We want to build a LASSO (or an elastic net) model with AAindex1 inputs (averaged over the 5 residues) as input and binding free energies for ACT and FEN as output predictions. This should tell us how important each physicochemical property is.

Also we want to measure how accurate the GP is in predicting __training__ data and data it hasn't seen.
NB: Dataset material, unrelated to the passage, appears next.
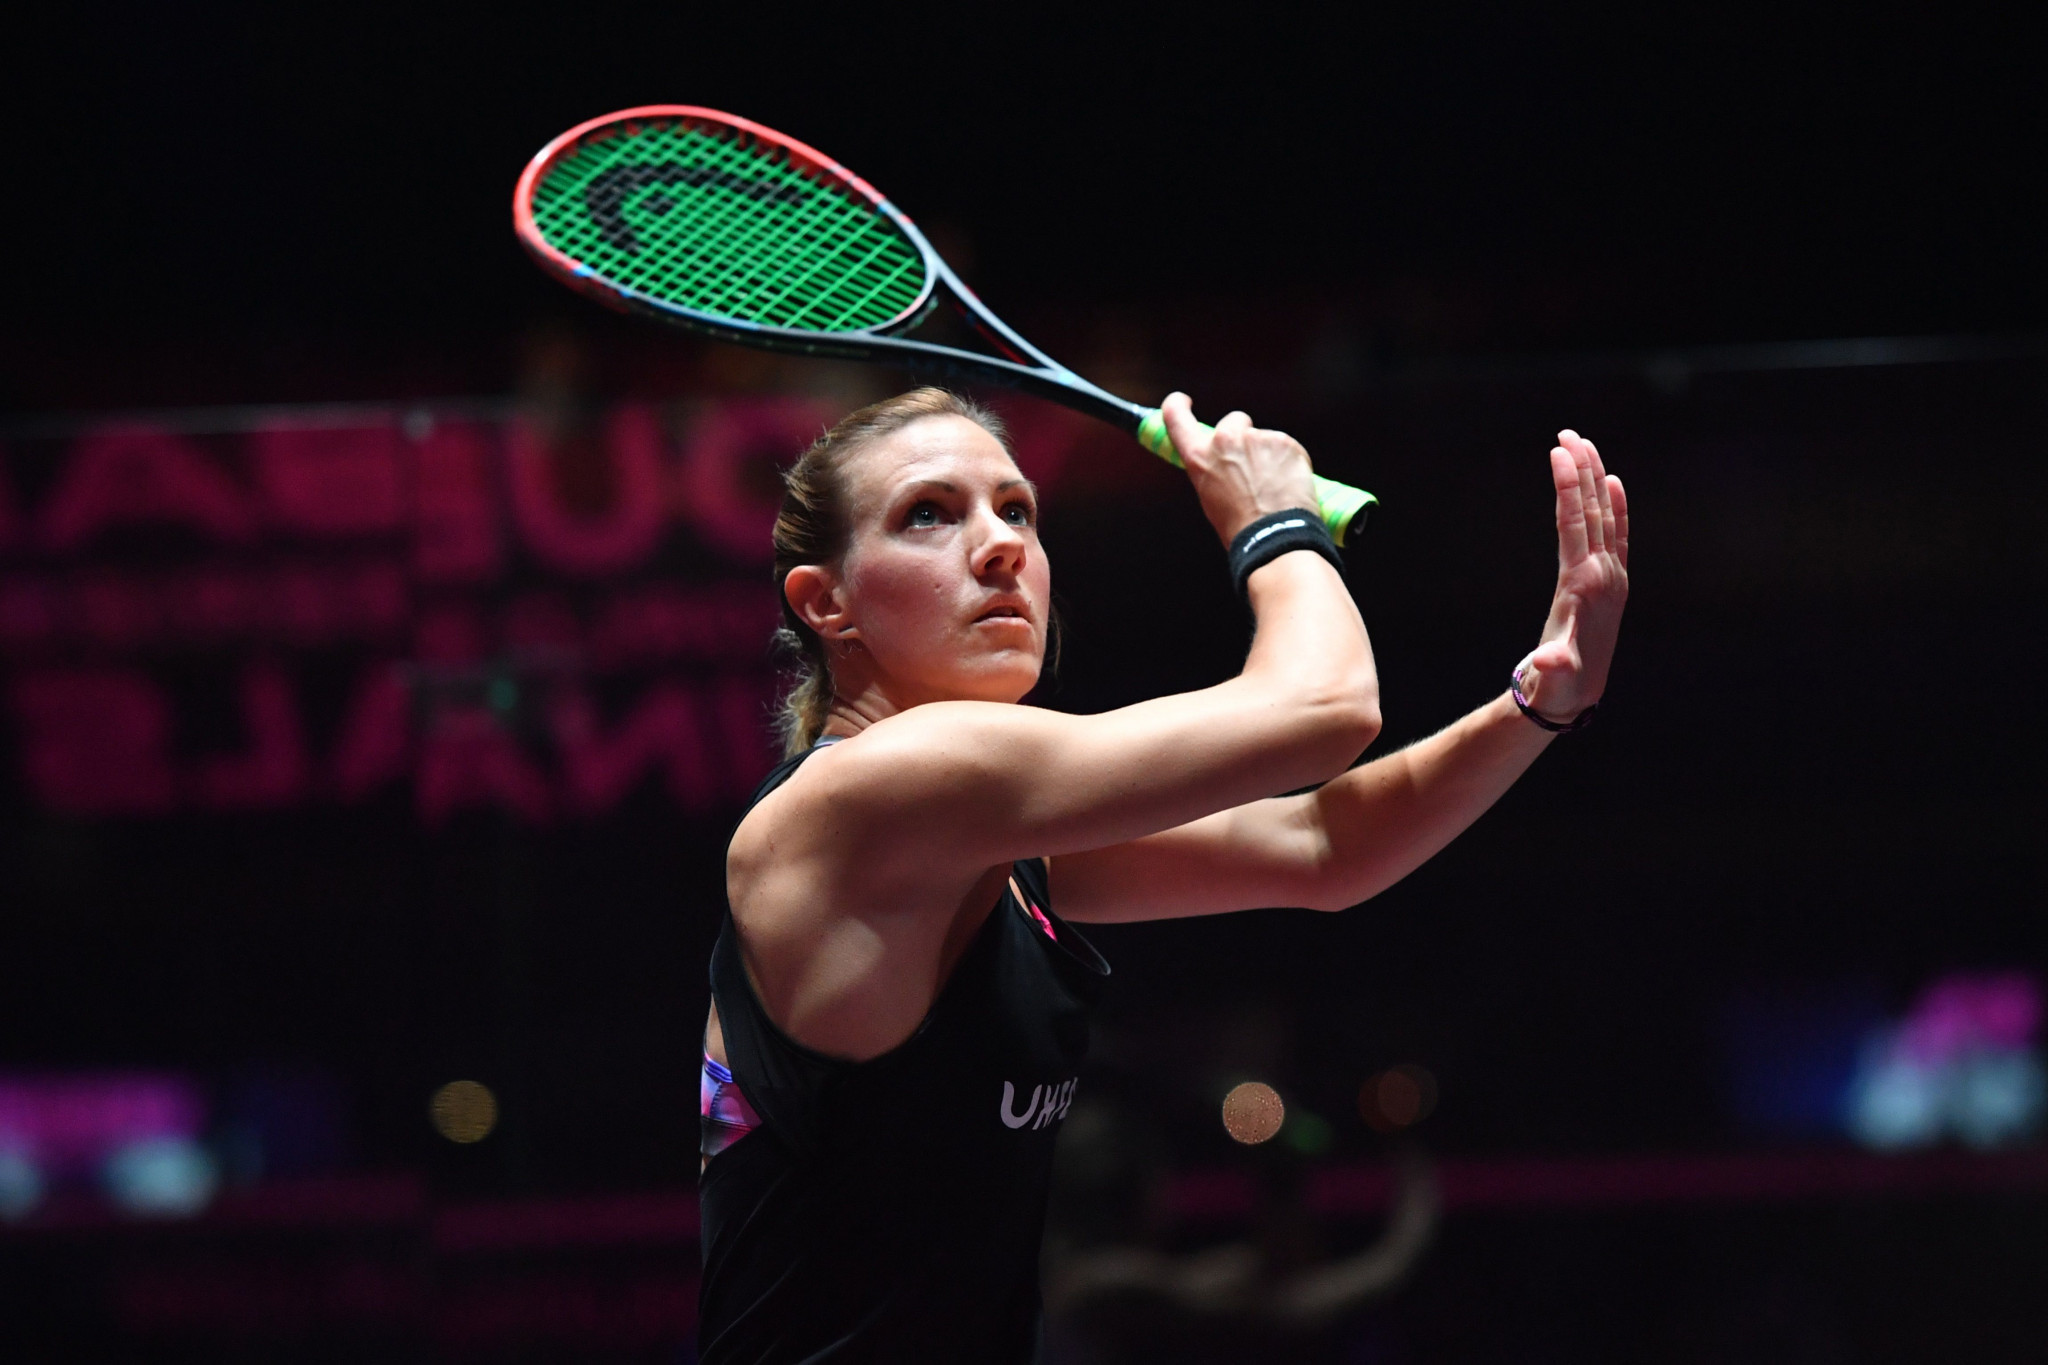 Laura Massano was a shock exit in Manchester having been beaten by Wales' Tesni Evans ©Getty Images

We can then compare what's what

In [2]:
def load_json_res(pcc, data_dir):
    with open(f"{data_dir}/{pcc}_FEN.JSON") as f:
        rep = json.load(f)
    F_fen = rep["FE"]
    F_fen_err = rep["FE_error"]

    with open(f"{data_dir}/{pcc}_DEC.JSON") as f:
        rep = json.load(f)
    F_dec = rep["FE"]
    F_dec_err = rep["FE_error"]
    return {"PCC": [rep["PCC"]], "F_FEN": [float(F_fen)], "err_FEN": [float(F_fen_err)],
             "F_DEC": [float(F_dec)], "err_DEC": [float(F_dec_err)]}

def load_data(data_dir):
    PCC_list = []
    for folder in os.listdir(data_dir):
        if re.match("[A-Z]{5}_[A-Z]{3}", folder):
            PCC_list.append(folder.split("_")[0])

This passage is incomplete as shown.